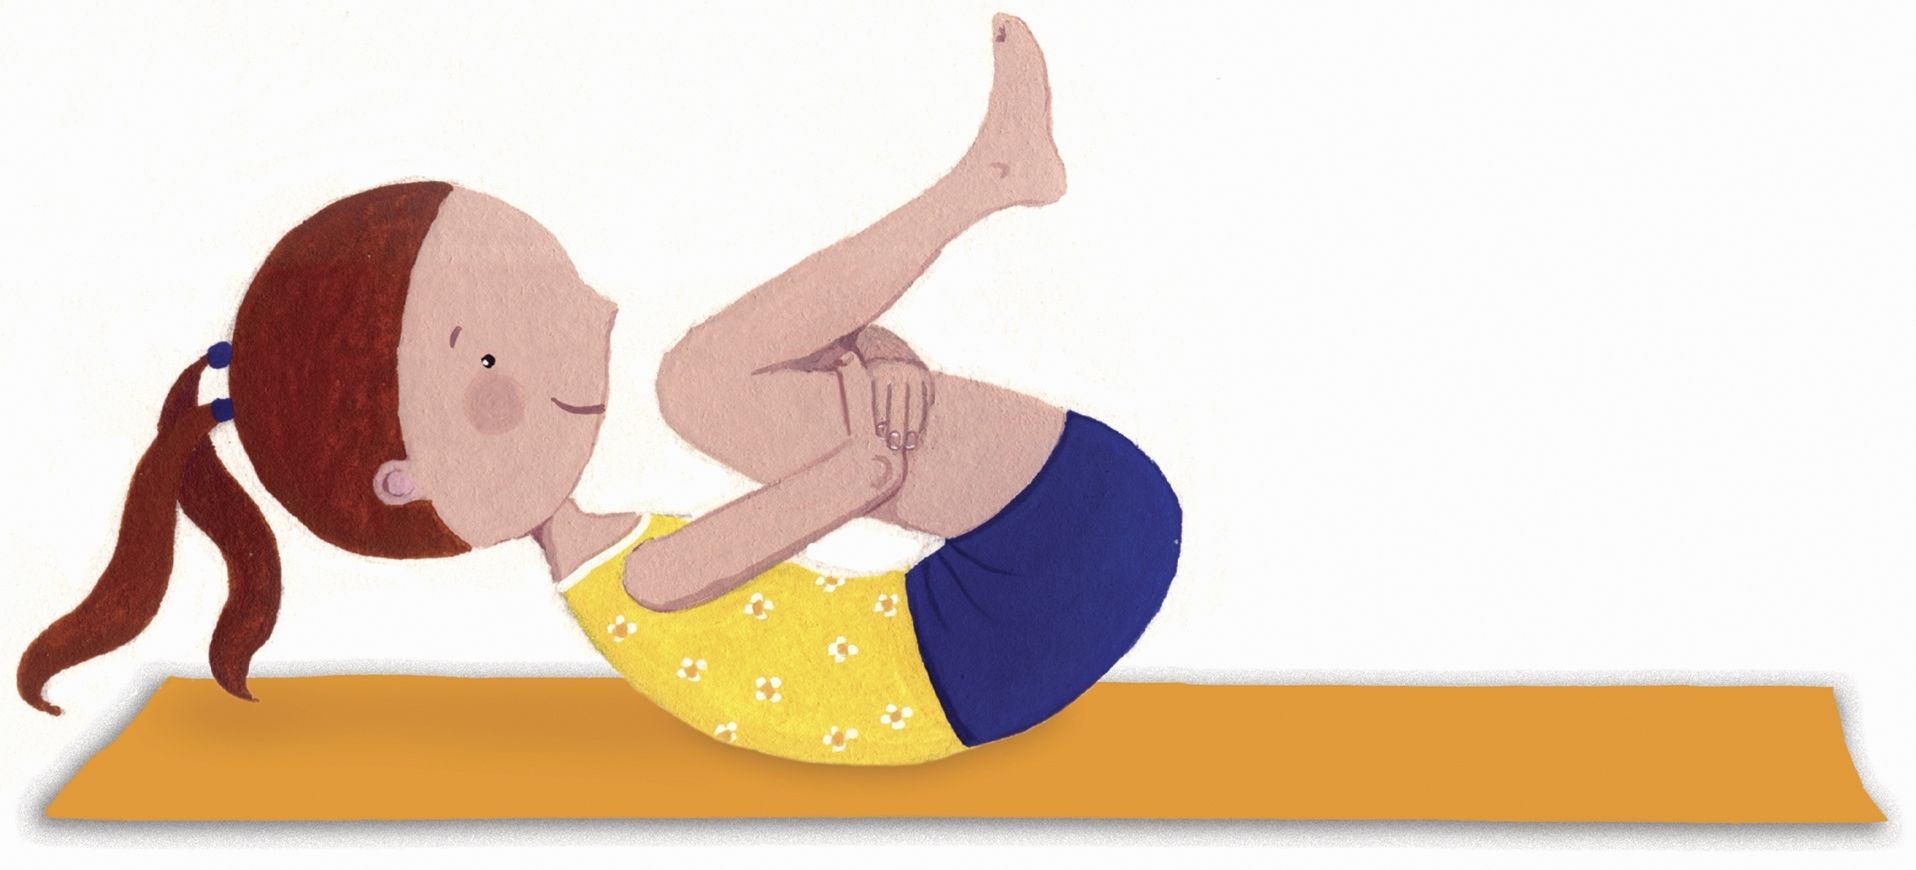 clipart images of yoga poses - photo #46
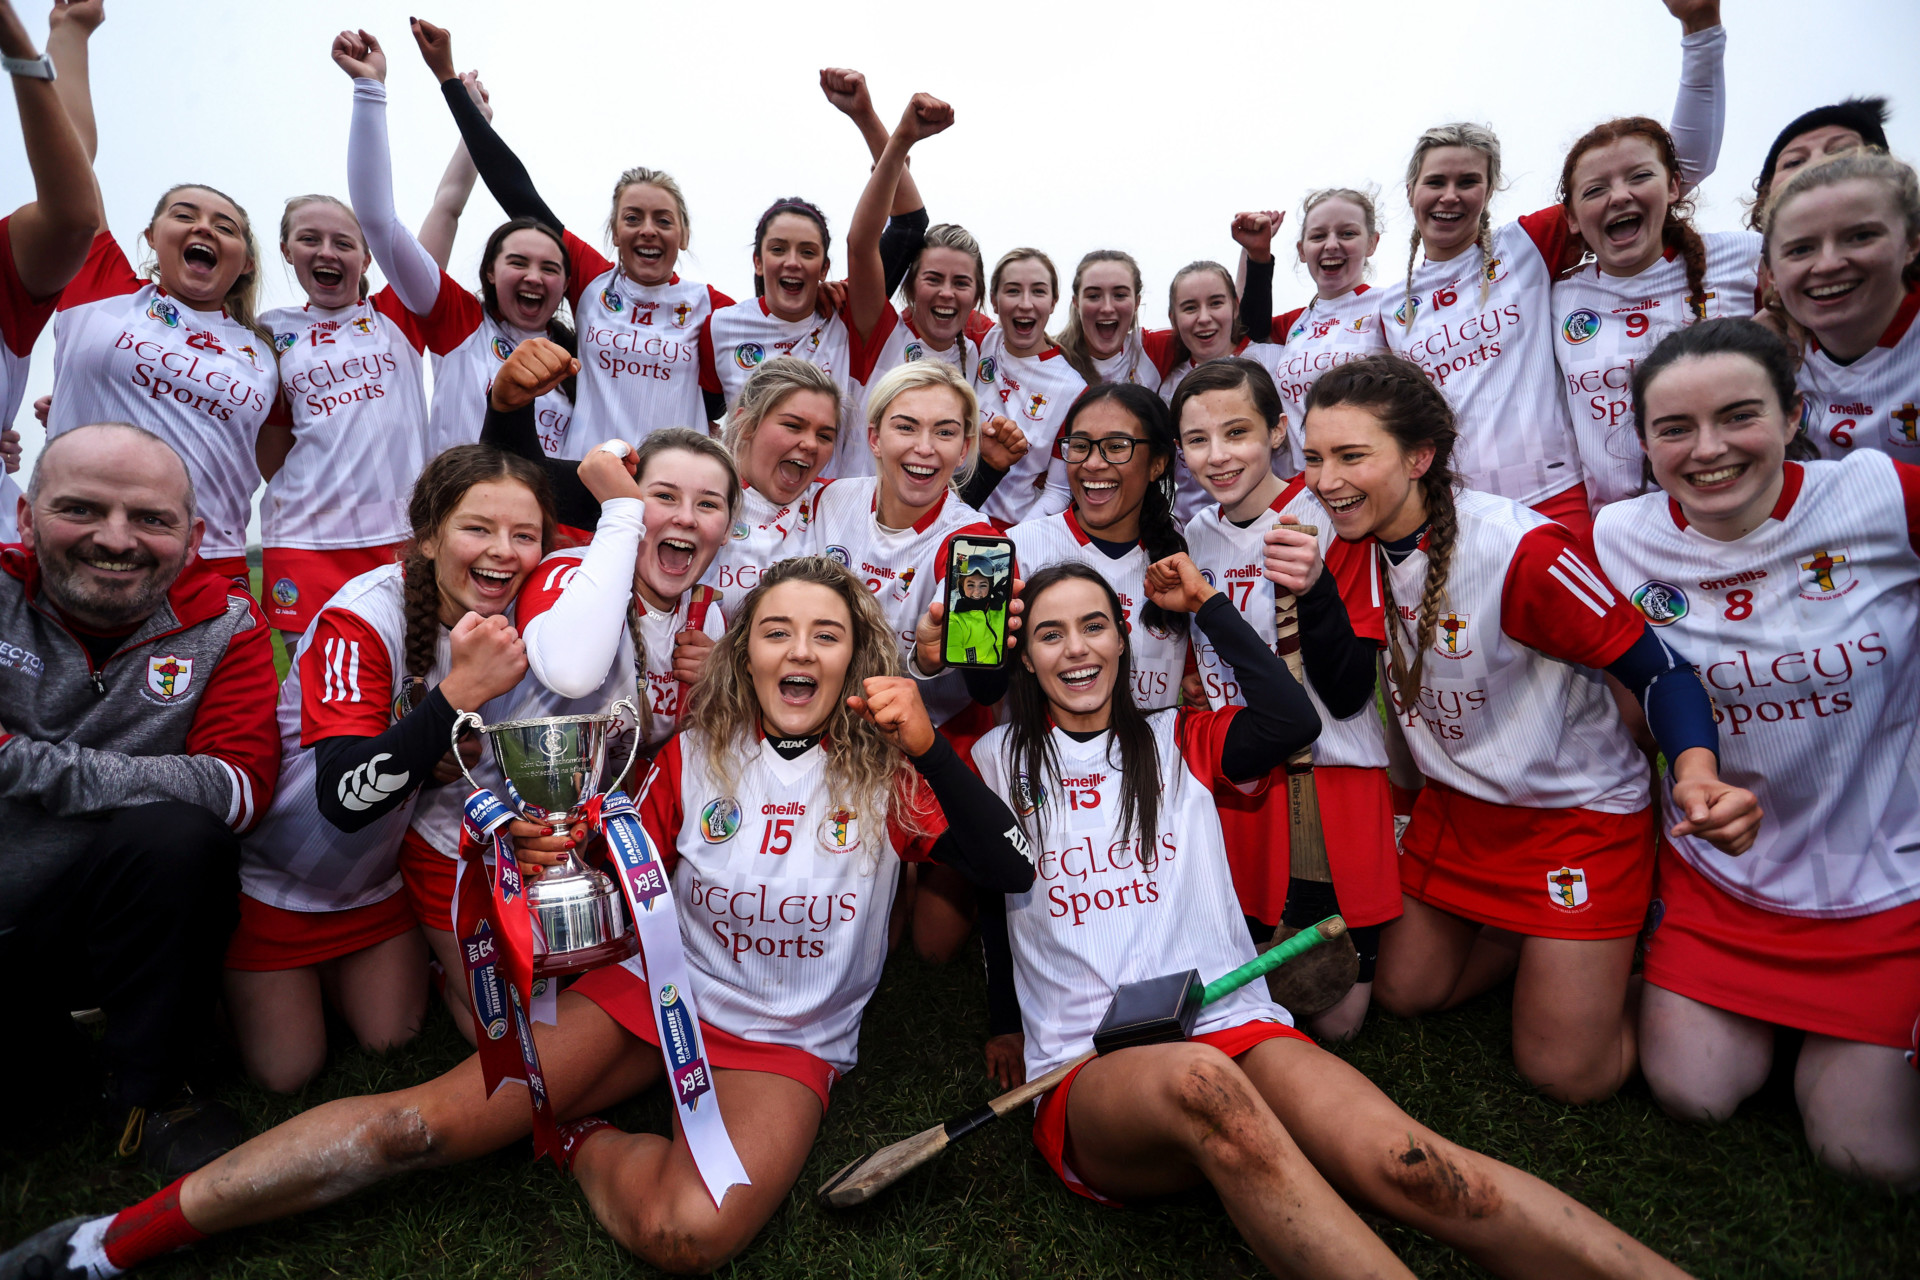 Glorys days for underage camogie and Ladies football teams
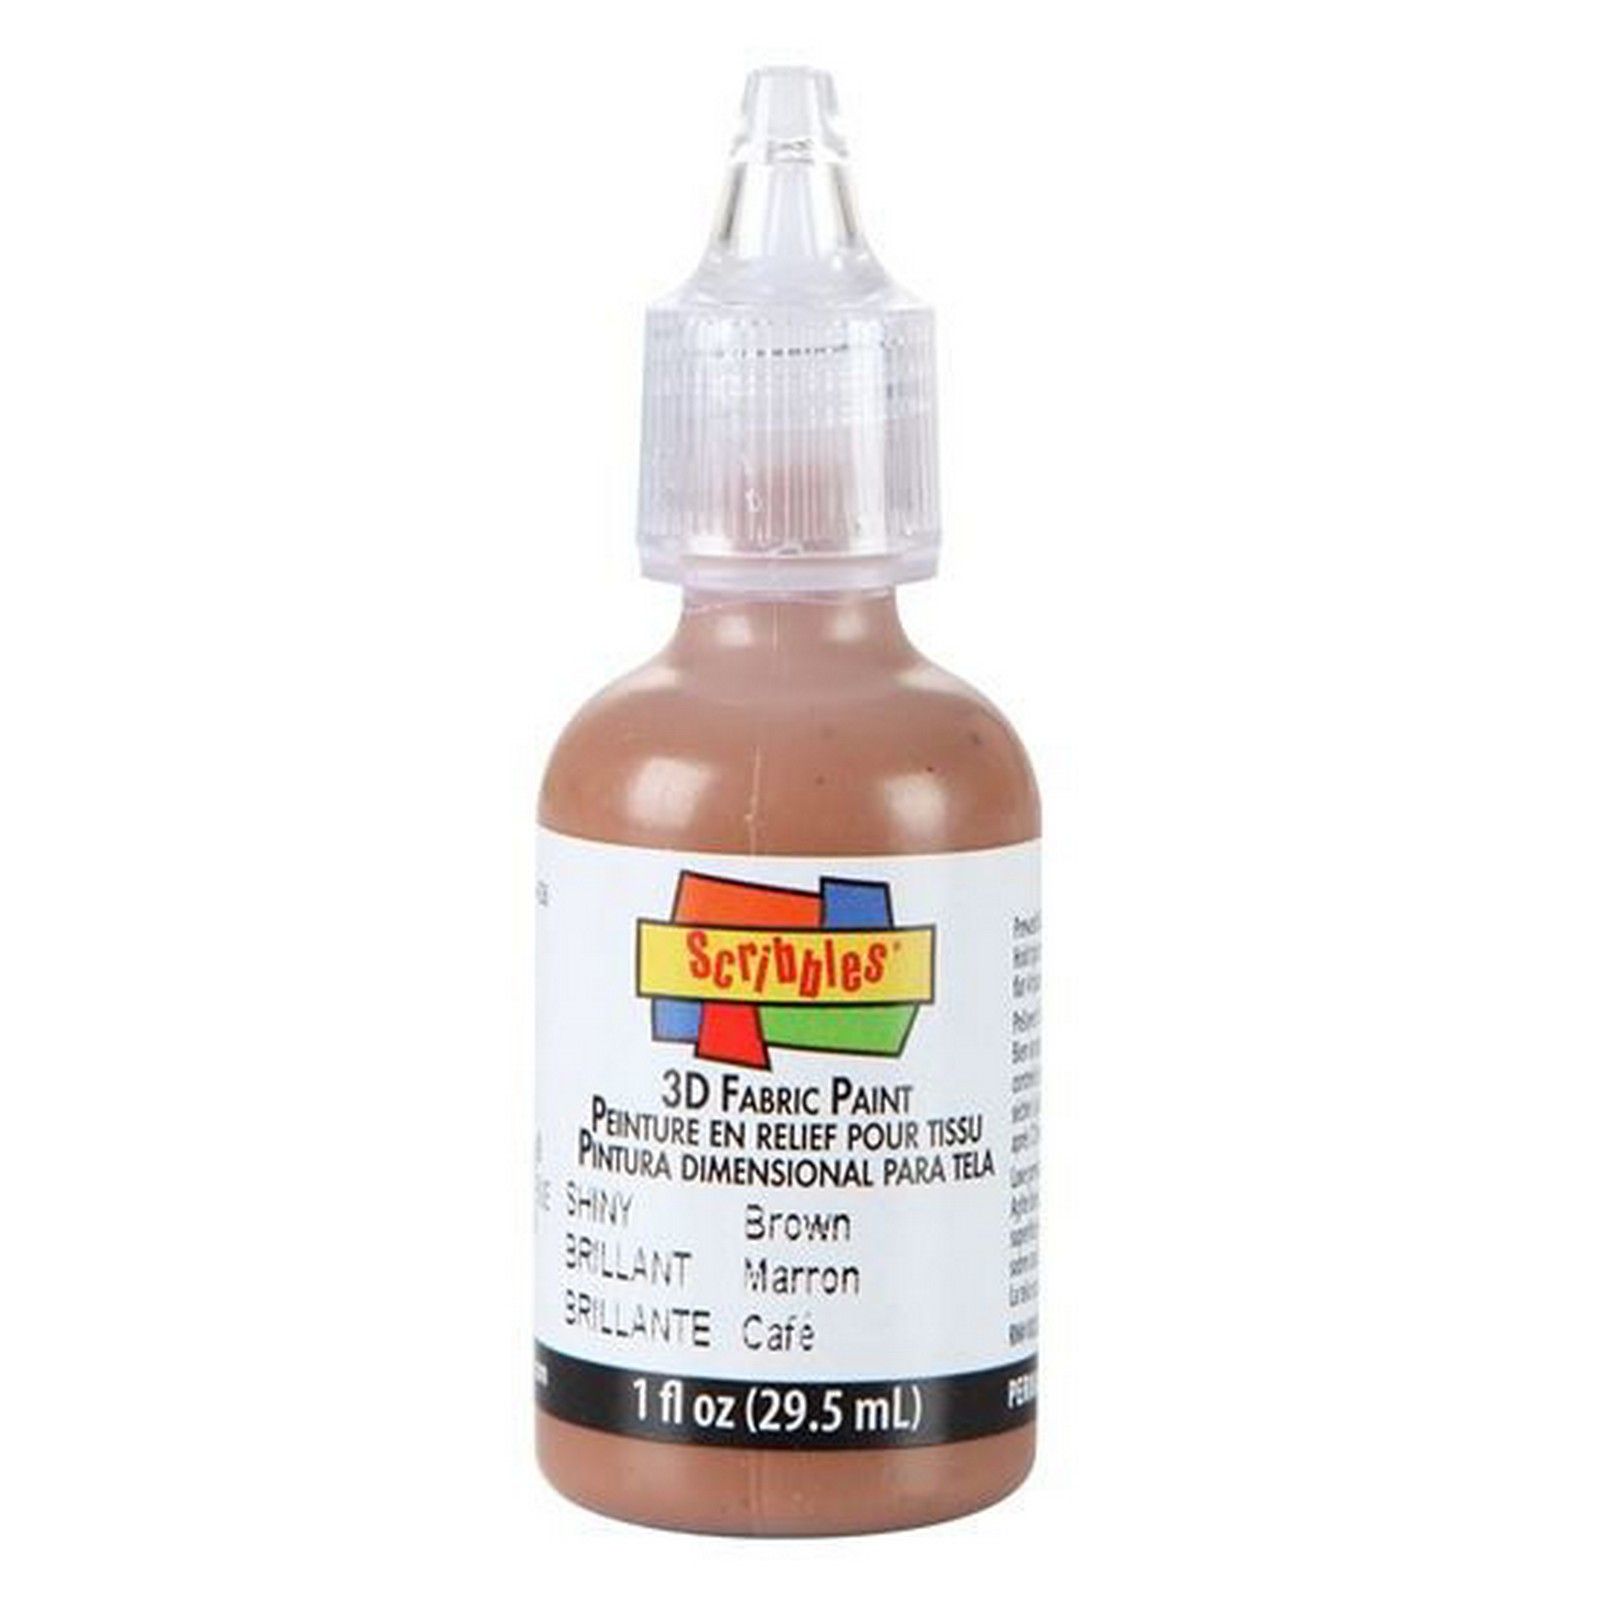 Scribbles • 3D Fabric Paint Shiny 29.5ml Brown

To do
Drop the pictures, then repeat the material word for word.

Exercise answer
 clipart images of yoga poses - photo #46
 Glorys days for underage camogie and Ladies football teams
 Scribbles • 3D Fabric Paint Shiny 29.5ml Brown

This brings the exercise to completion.